D’une part, John McCain insuffle donc dans l’esprit de son peuple, volontairement ou non, l’idée que l’Iran est responsable de l’embourbement américain en Irak. Et, d’autre part, son principal stratège lance qu’une attaque terroriste sur le sol américain serait bénéfique au camp républicain pour l’élection présidentielle.

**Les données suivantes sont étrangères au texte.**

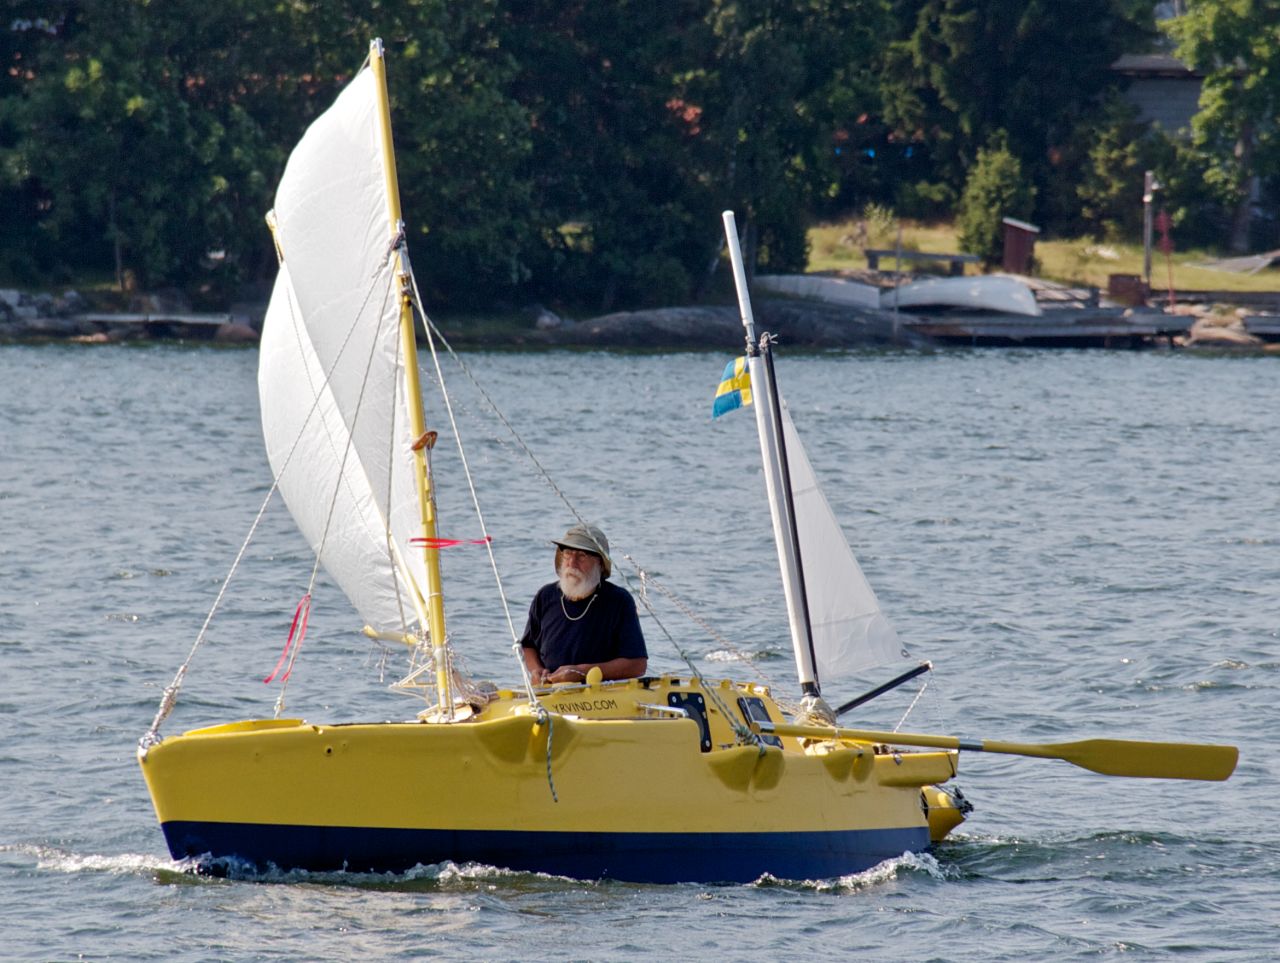 In a career spanning more than 50 years, Yrvind is showing no signs of slowing down. Last year he sailed 4.5 meter boat "Yrvind.com" (pictured) from Ireland to the Caribbean.
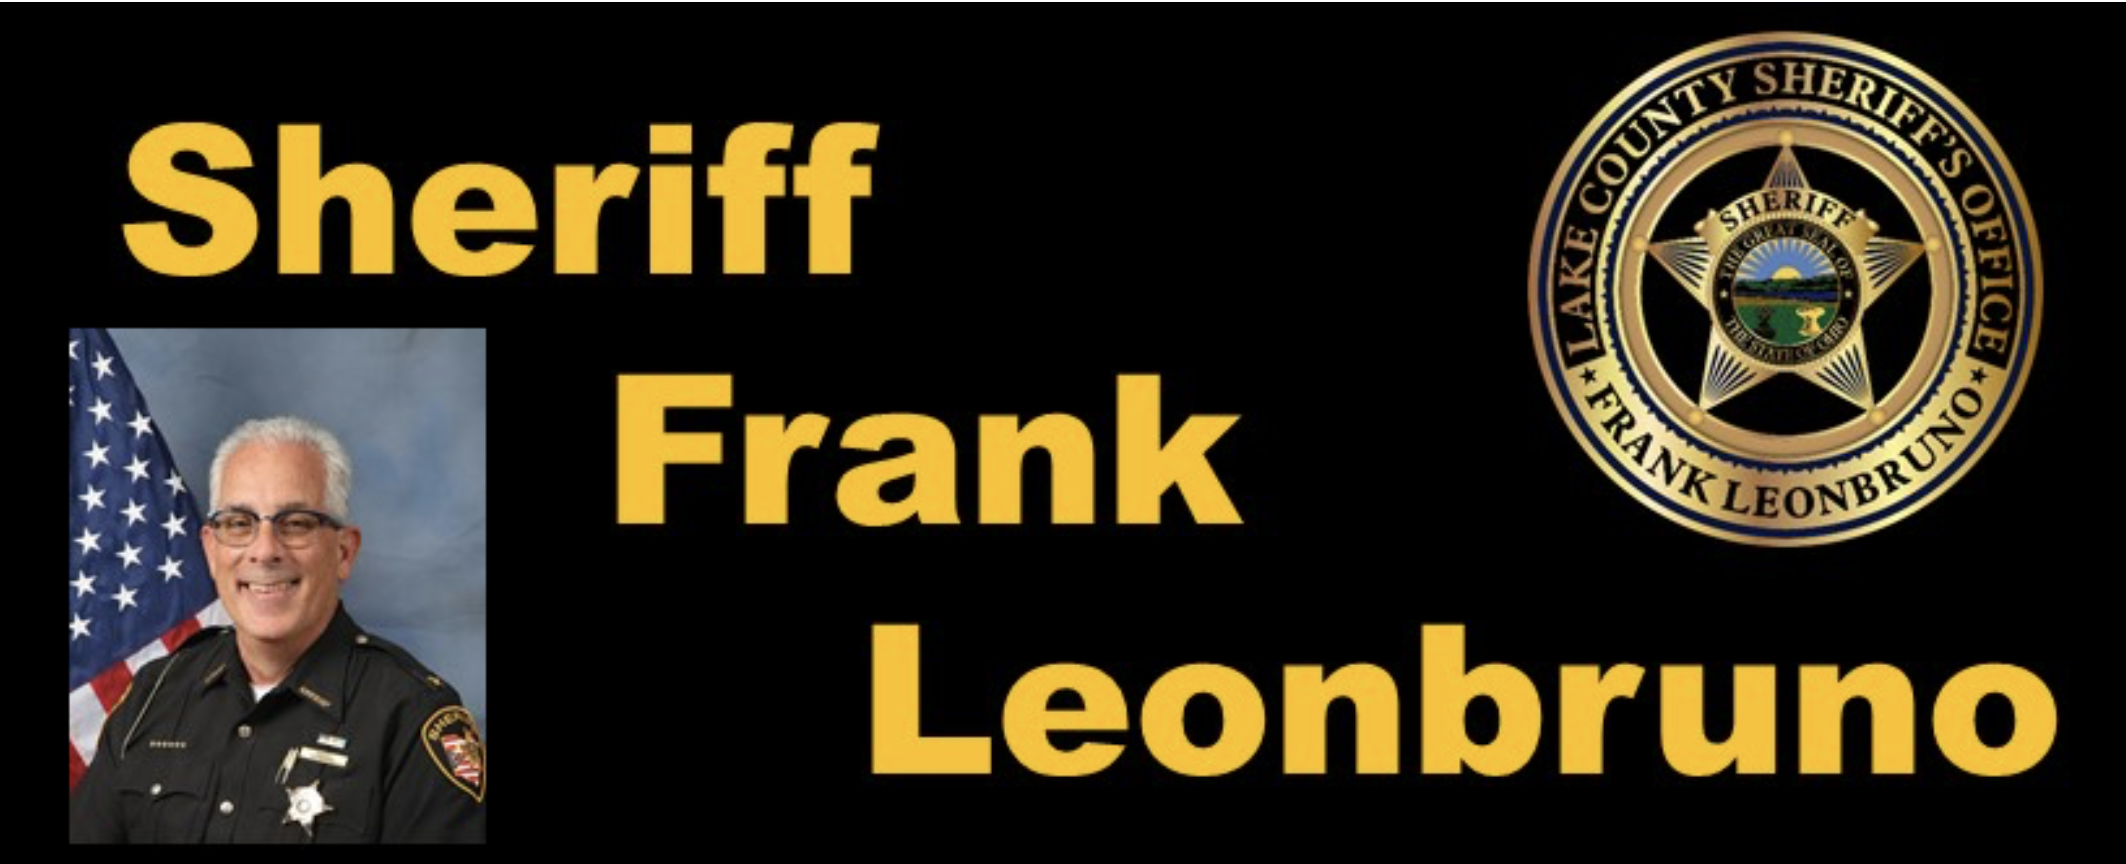 RE-ELECT Frank Leonbruno as Sheriff of Lake County, Ohio.

Ces déclarations font un incroyable écho aux propos tonitruants de Zbigniew Brzezinski, le 1er février 2007, devant la commission sénatoriale sur les relations avec l’étranger. L’ancien conseiller à la Sécurité nationale du président Jimmy Carter avait alors averti que la politique de l’administration Bush en Irak menait inexorablement à la guerre avec l’Iran. Il avait surtout décrit un "scénario plausible de conflit militaire avec l’Iran". Celui-ci impliquerait "le fait pour l’Irak de ne pas atteindre les objectifs fixés, suivi d’accusations sur la responsabilité de l’Iran dans cet échec, puis enfin par une provocation en Irak ou par un attentat terroriste aux Etats-Unis attribué à l’Iran, culminant en une opération militaire "défensive" des Etats-Unis contre l’Iran qui plonge une Amérique solitaire dans un bourbier toujours plus vaste et plus profond finissant par englober l’Irak, l’Iran, l’Afghanistan et le Pakistan."


Brzezinski
doutait du caractère "défensif" de l’action militaire en préparation et laissait entendre qu’une manipulation était possible. Il mettait aussi en garde dans son intervention contre "la lutte idéologique décisive" contre l’islam radical que prône Bush, la qualifiant de "récit historique mythique" utilisé pour justifier une "guerre qui dure et qui est potentiellement en expansion". Sur ce point encore, McCain n’est pas rassurant, lui qui compte parmi ses soutiens le pasteur évangéliste Rod Parsley, un homme de foi que le candidat à la Maison Blanche considère comme son "guide spirituel" et qui prône, ni plus ni moins, la destruction de l’islam.



Mais Barack Obama est-il réellement plus rassurant que son adversaire républicain au sujet du Moyen-Orient ? On aurait pu le penser ; mais un discours récent du chouchou des sondages et des médias, devant le puissant lobby pro-israélien, l’AIPAC (American Israel Politic Affair Committee), a fait déchanter tous ceux qui croyaient encore qu’avec lui les choses seraient vraiment différentes en matière de politique étrangère. Barack Obama a, en effet, affiché la plus grande intransigeance vis-à-vis de l’Iran, et assuré qu’il serait prêt à "tout" pour l’empêcher d’accéder à l’arme nucléaire. Il a même "brandi si fort la menace d’une action militaire que cela ressemblait aux menaces prononcées par George W. Bush", a souligné la chaîne de télévision NBC.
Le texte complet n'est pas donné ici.